─── Data for this task ───
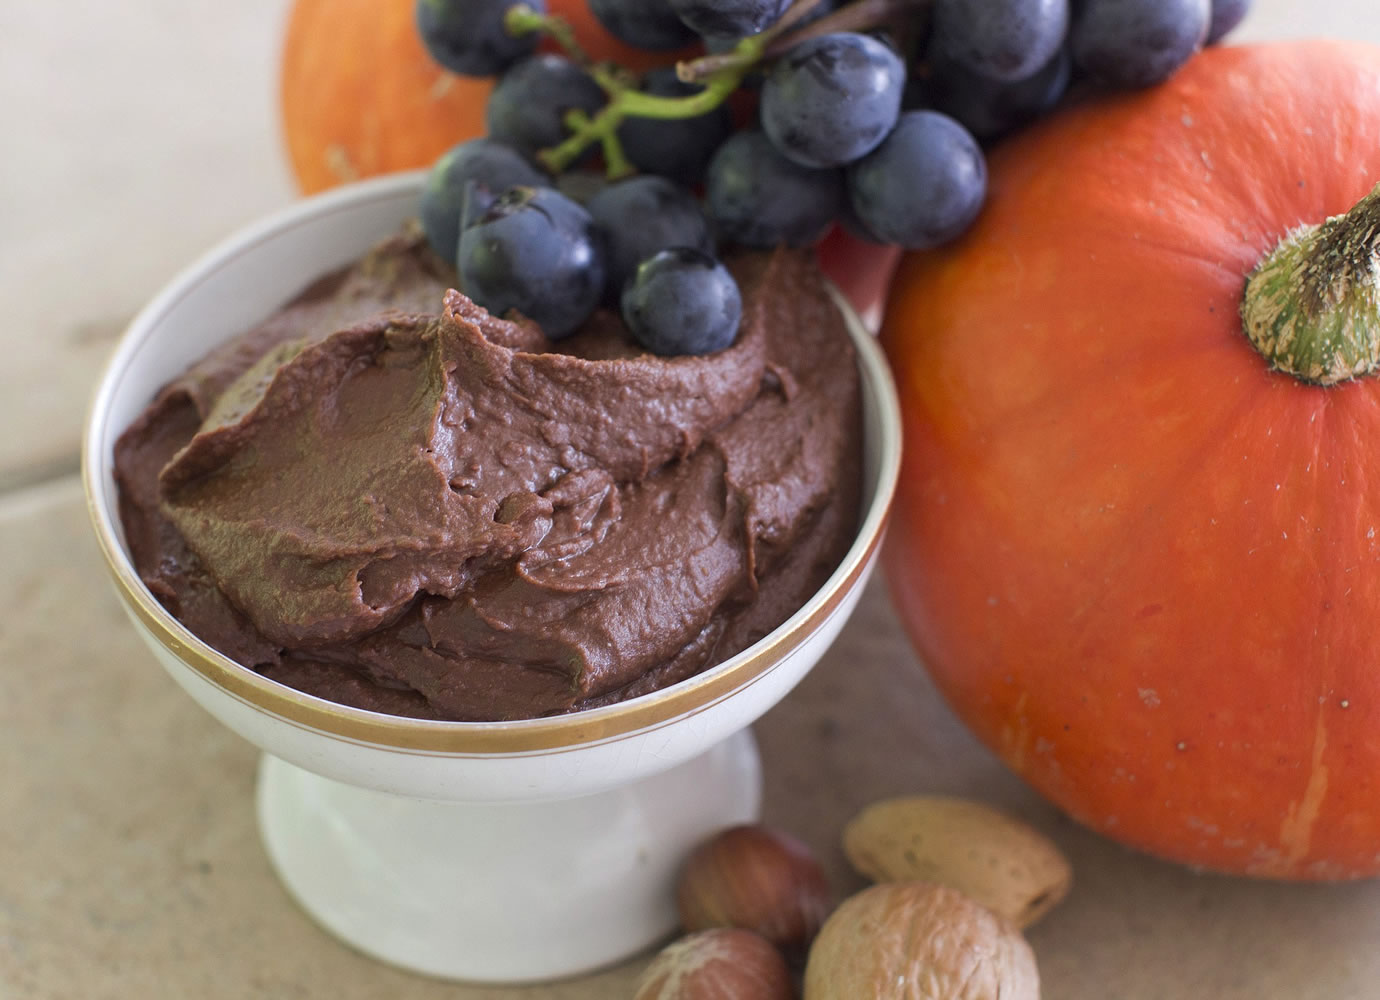 Chocolate Hummus is rich, creamy and chocolatey, and thick enough to spread easily.
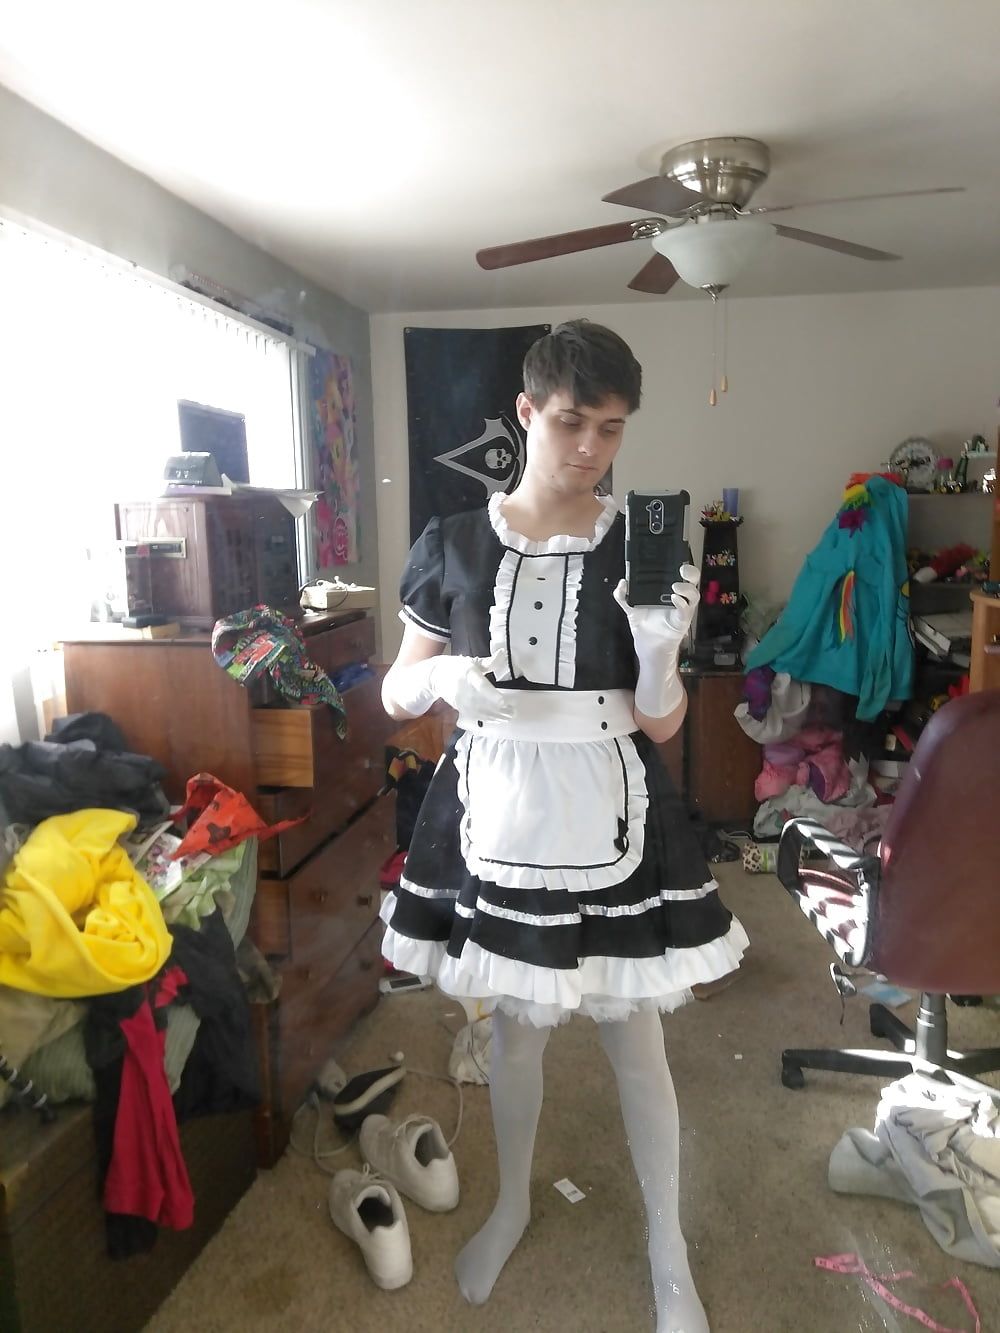 New maids outfit pics and updates #4
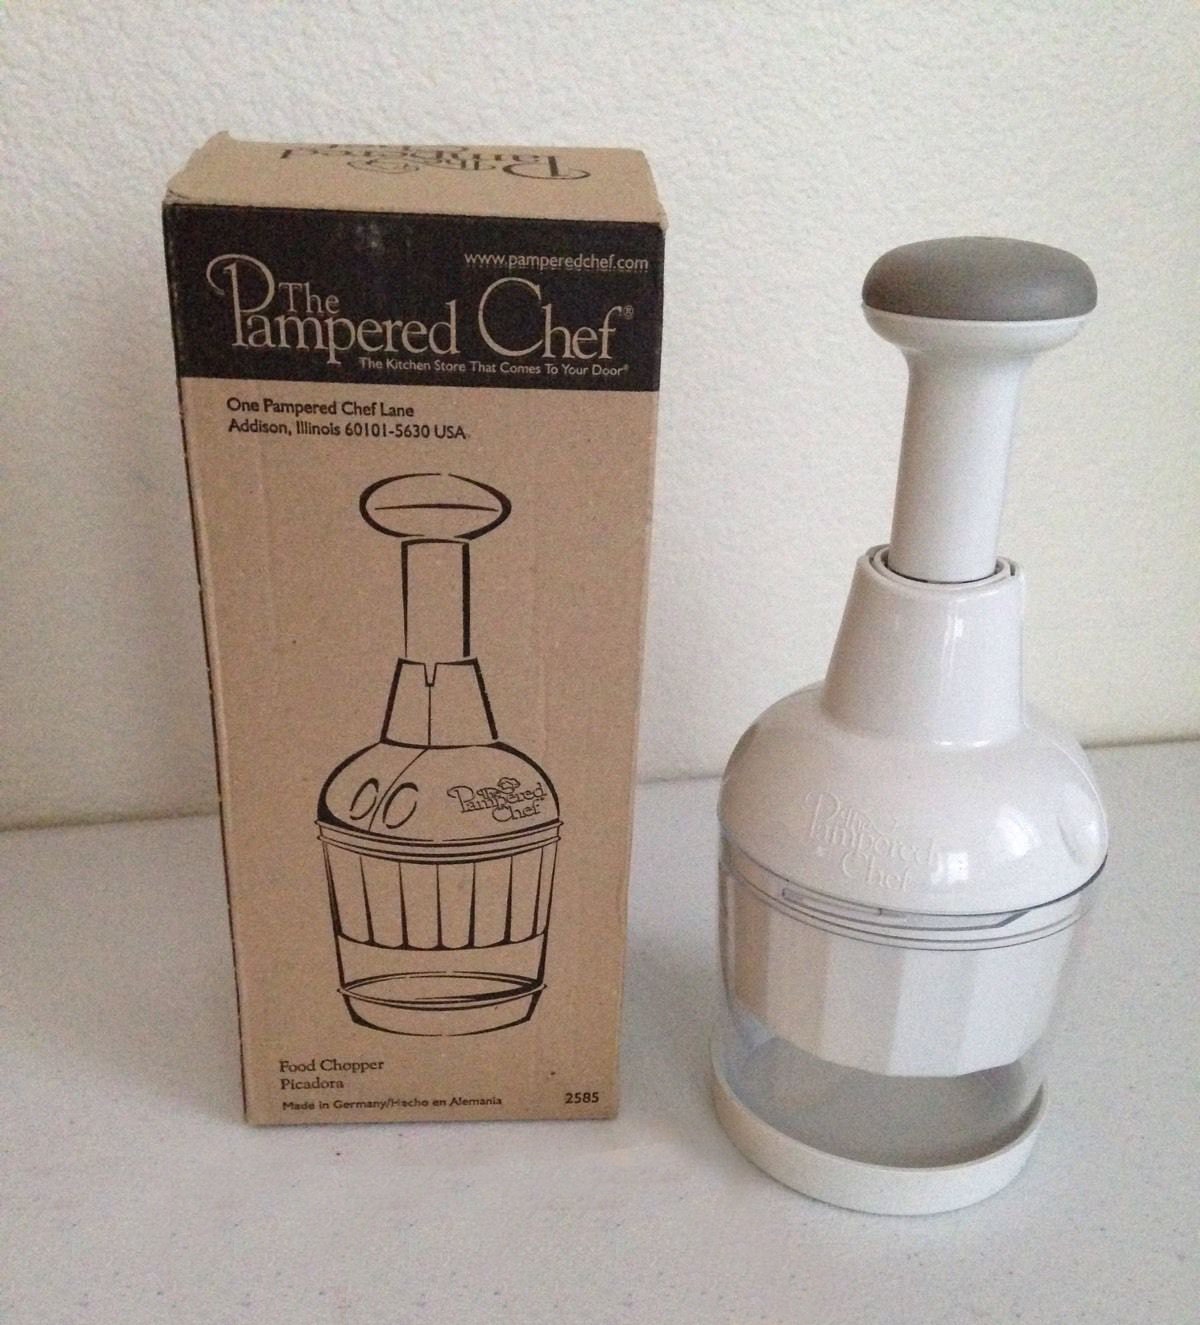 pampered chef chopper instructions
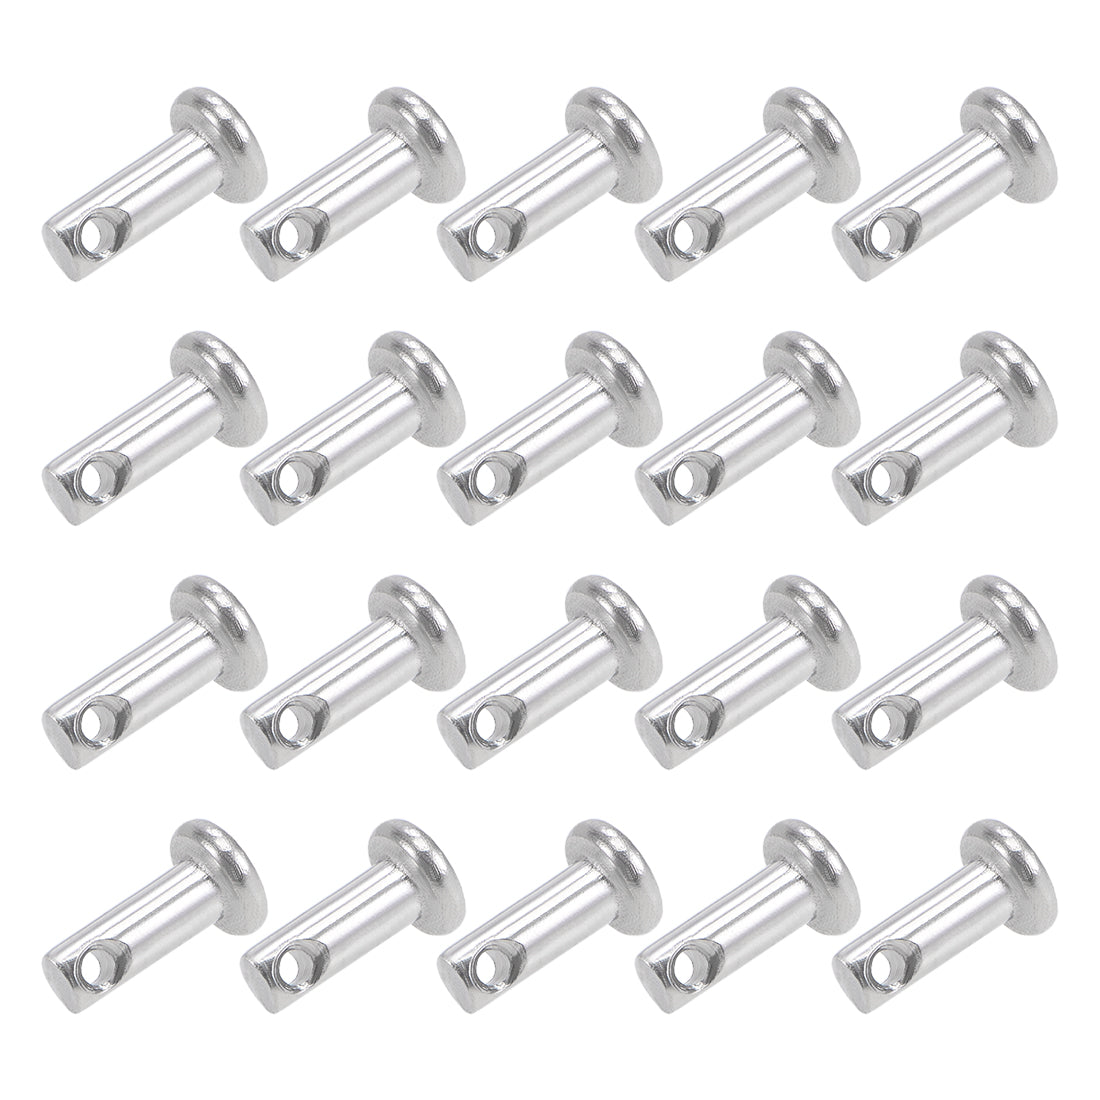 uxcell Uxcell Single Hole Clevis Pins - 3mm x 8mm Flat Head 304 Stainless Steel Link Hinge Pin 20Pcs
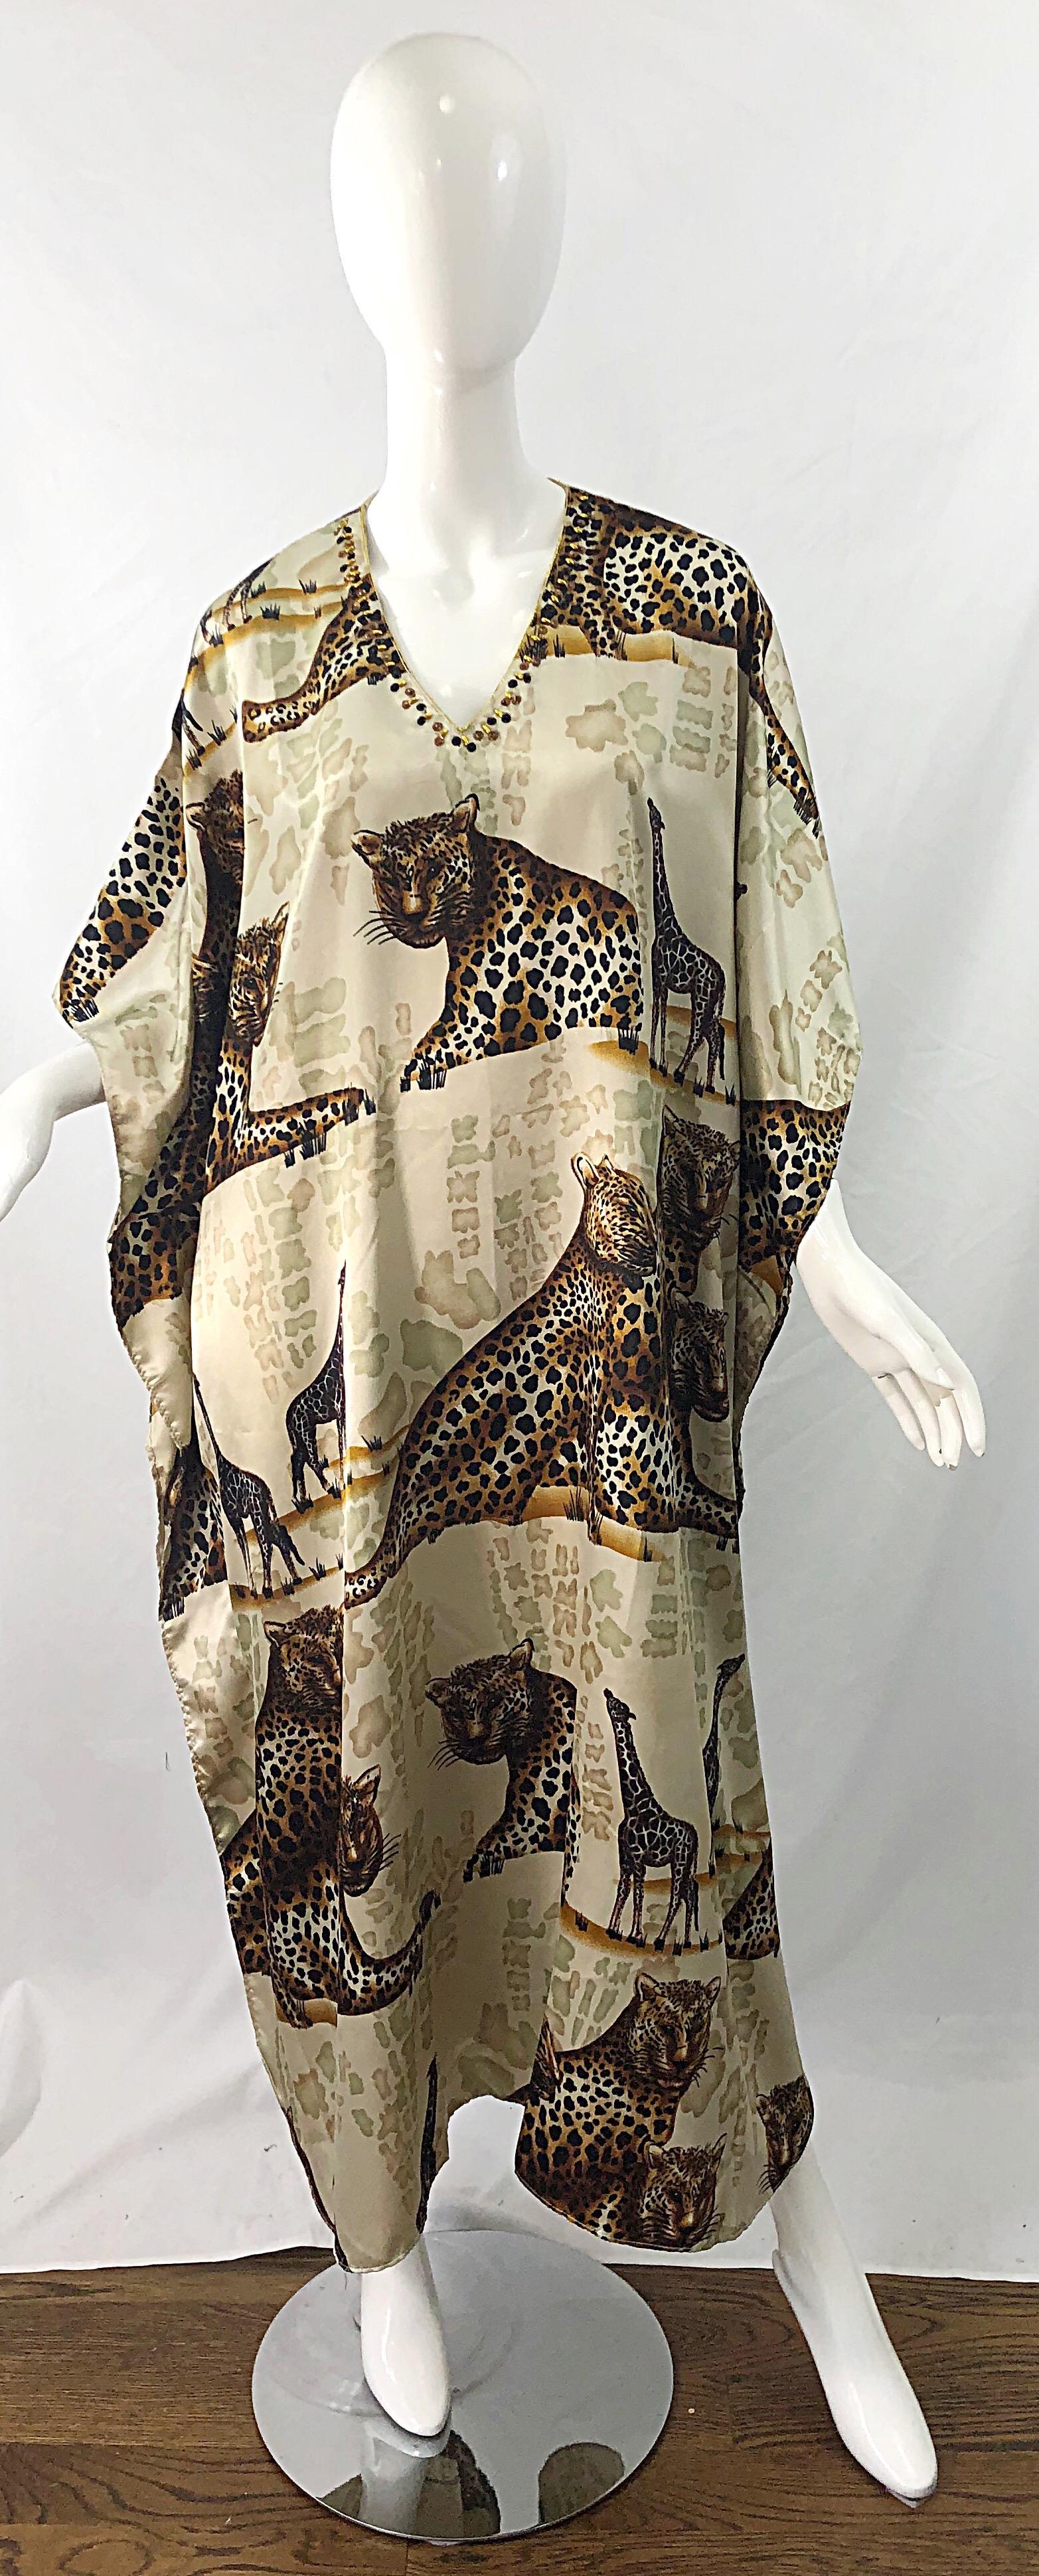 Channel your inner Joe Exotic or Carol Baskin in this amazing vintage animal print kaftan maxi dress ! Sequins and beads sewn around the collar. Features leopards, giraffes, etc printed throughout. Warm tones of brown, tan, ivory, rust, and black.
───
Give back the material word for word, without images.

Solution to the exercise ▸
 Chocolate Hummus is rich, creamy and chocolatey, and thick enough to spread easily.
 New maids outfit pics and updates #4
 pampered chef chopper instructions
 uxcell Uxcell Single Hole Clevis Pins - 3mm x 8mm Flat Head 304 Stainless Steel Link Hinge Pin 20Pcs
 Channel your inner Joe Exotic or Carol Baskin in this amazing vintage animal print kaftan maxi dress ! Sequins and beads sewn around the collar. Features leopards, giraffes, etc printed throughout. Warm tones of brown, tan, ivory, rust, and black.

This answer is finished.